**RECORDED INFORMATION**
--------------------------------

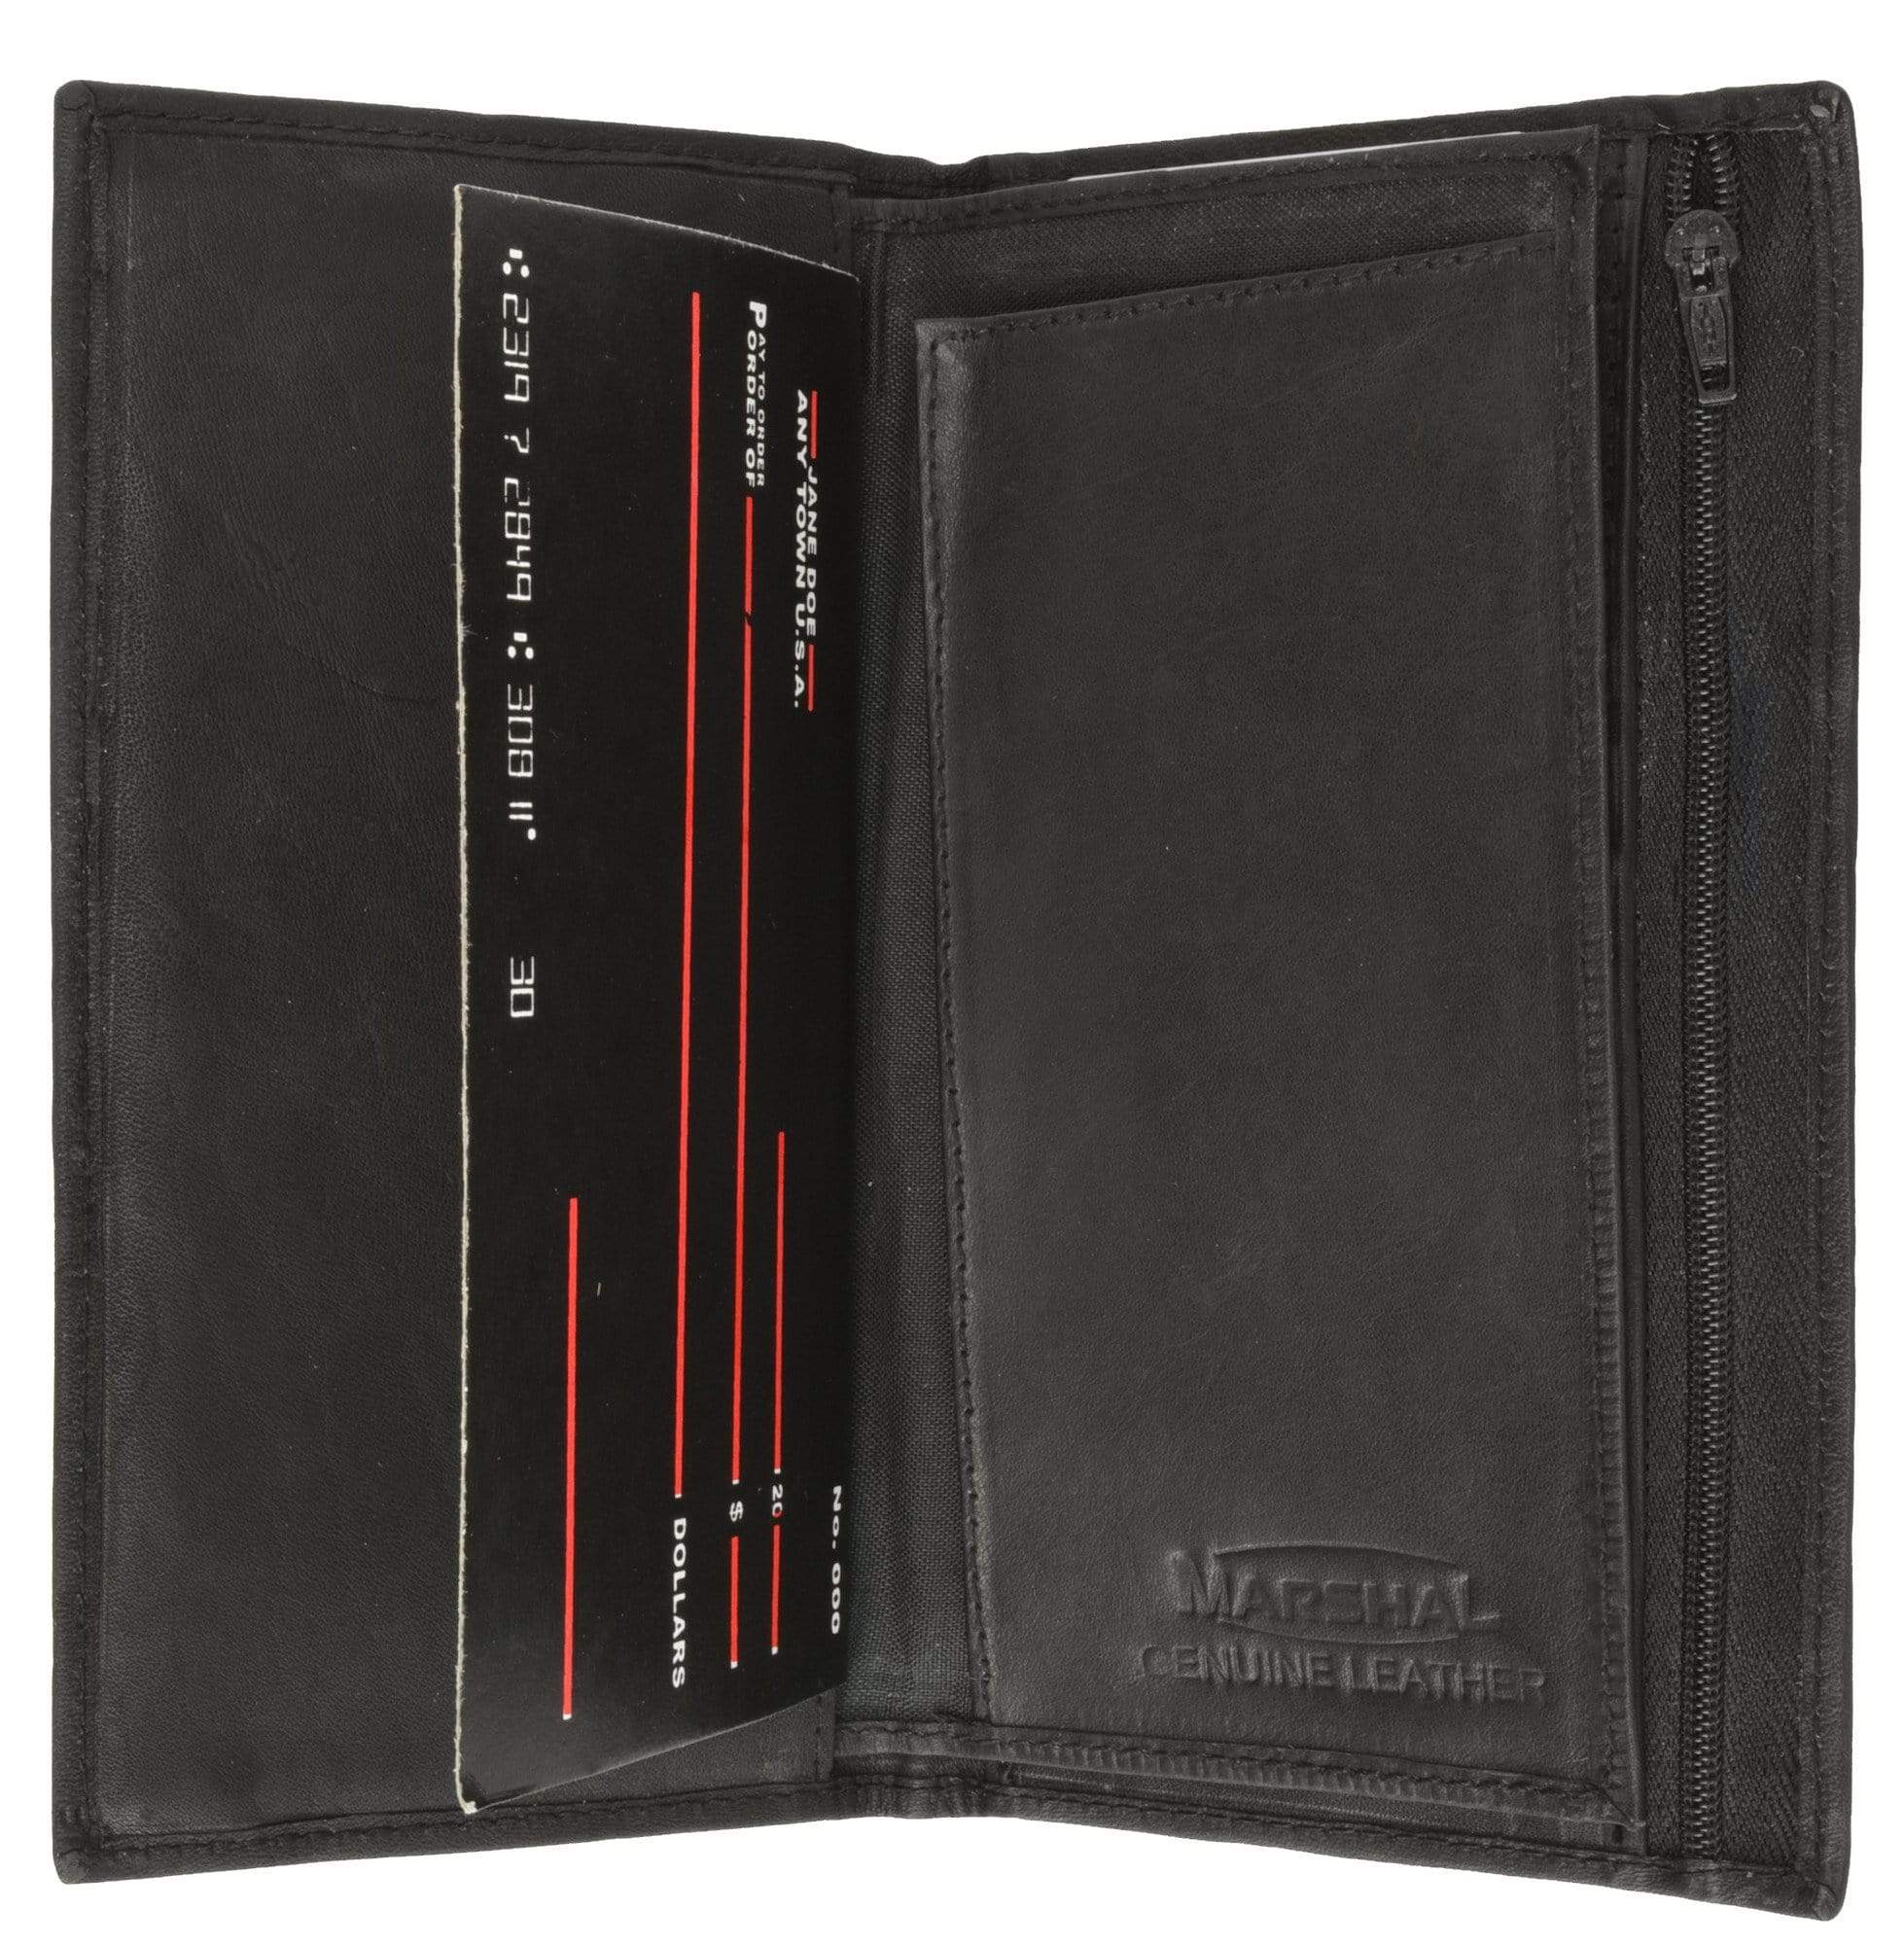 black leather checkbook cover with credit card holder
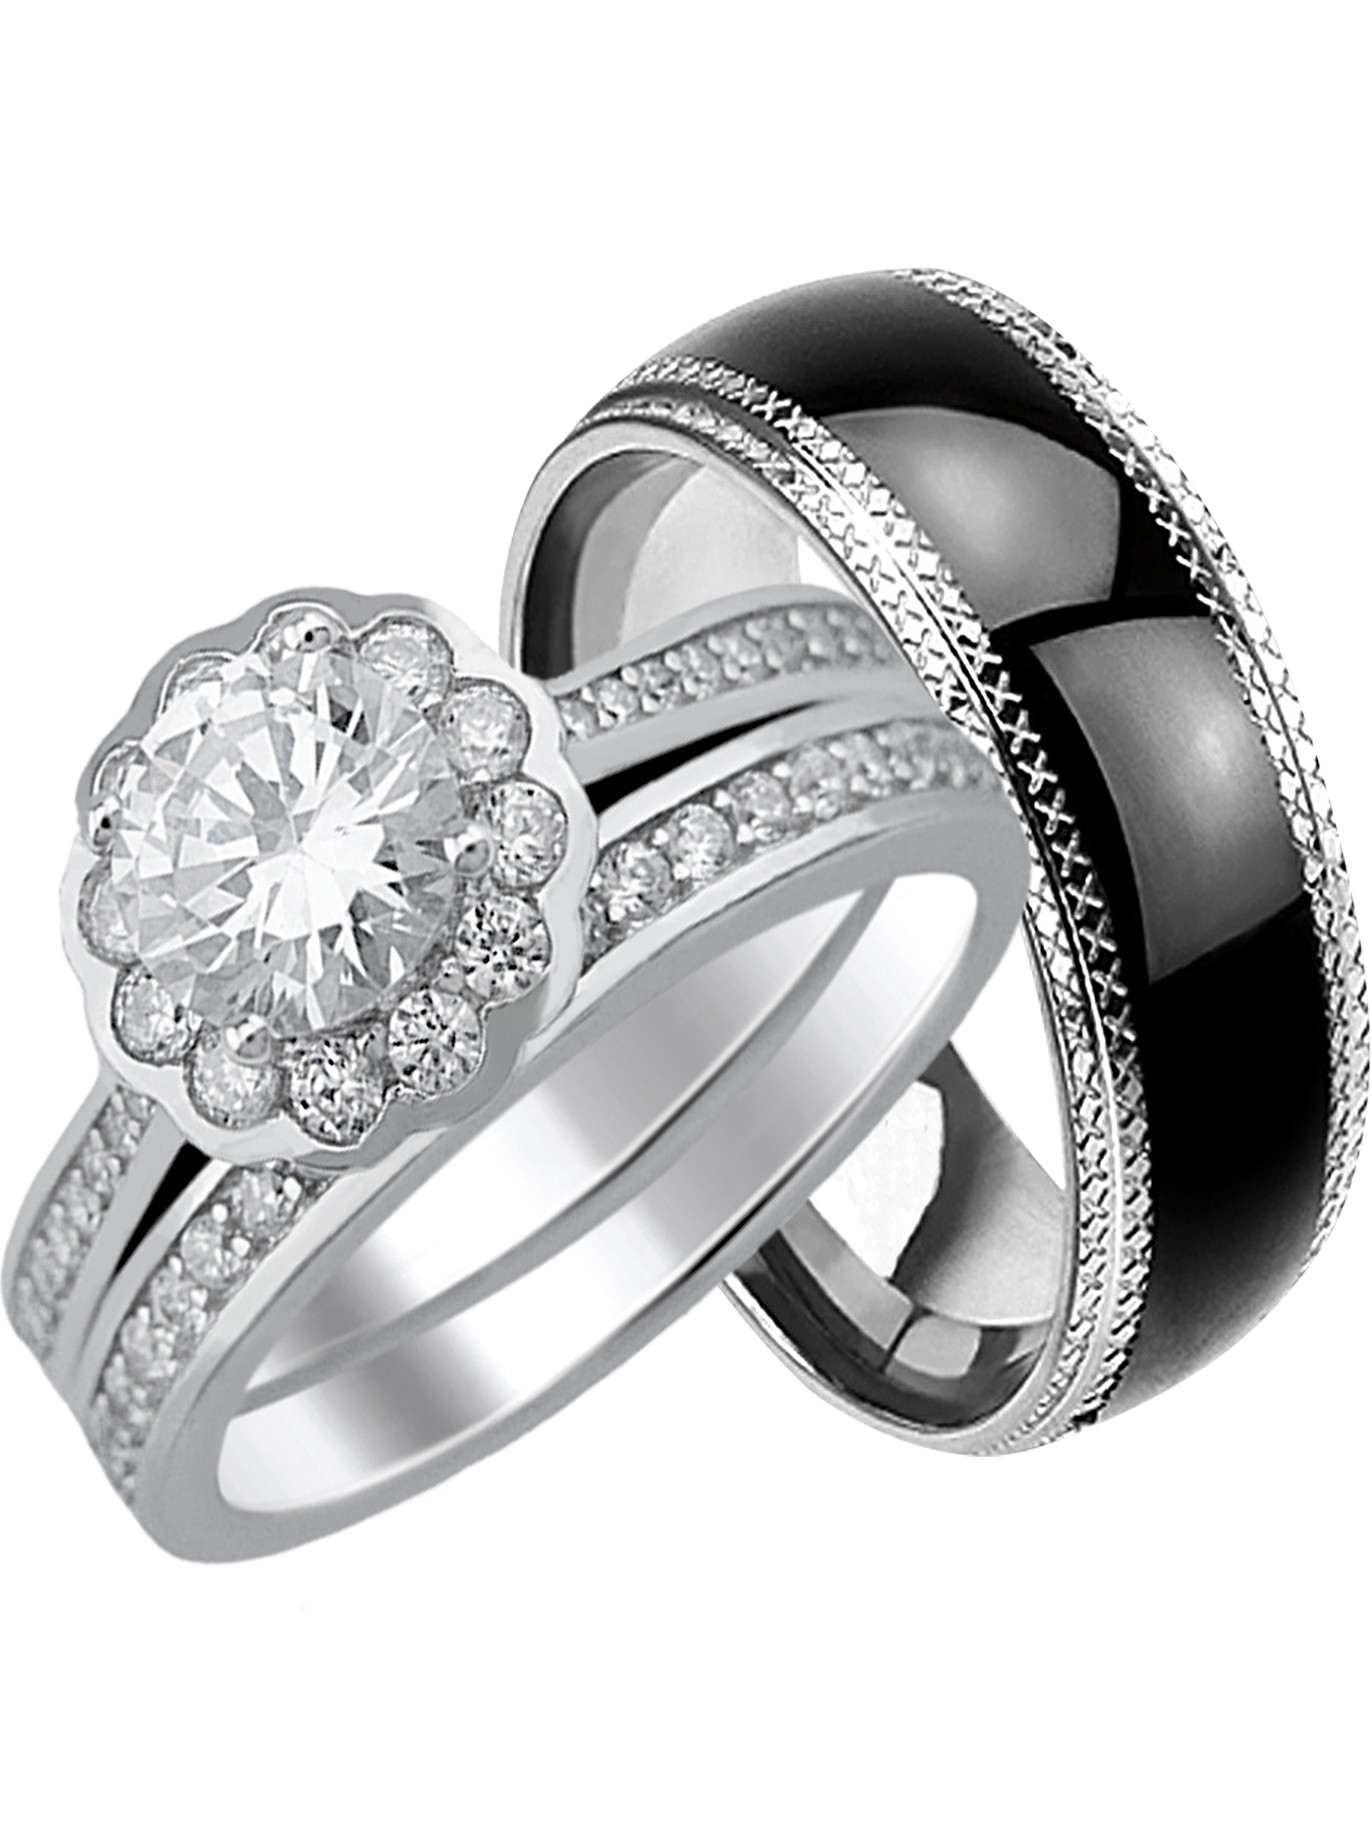 Walmart Wedding Rings For Him
 His Hers CZ Wedding Ring Set Unique Matching Wedding Bands

--------------------------------

**TASK PROMPT**
Without including any pictures, reproduce the data exactly.

**RESPONSE**
 black leather checkbook cover with credit card holder
 Walmart Wedding Rings For Him
 His Hers CZ Wedding Ring Set Unique Matching Wedding Bands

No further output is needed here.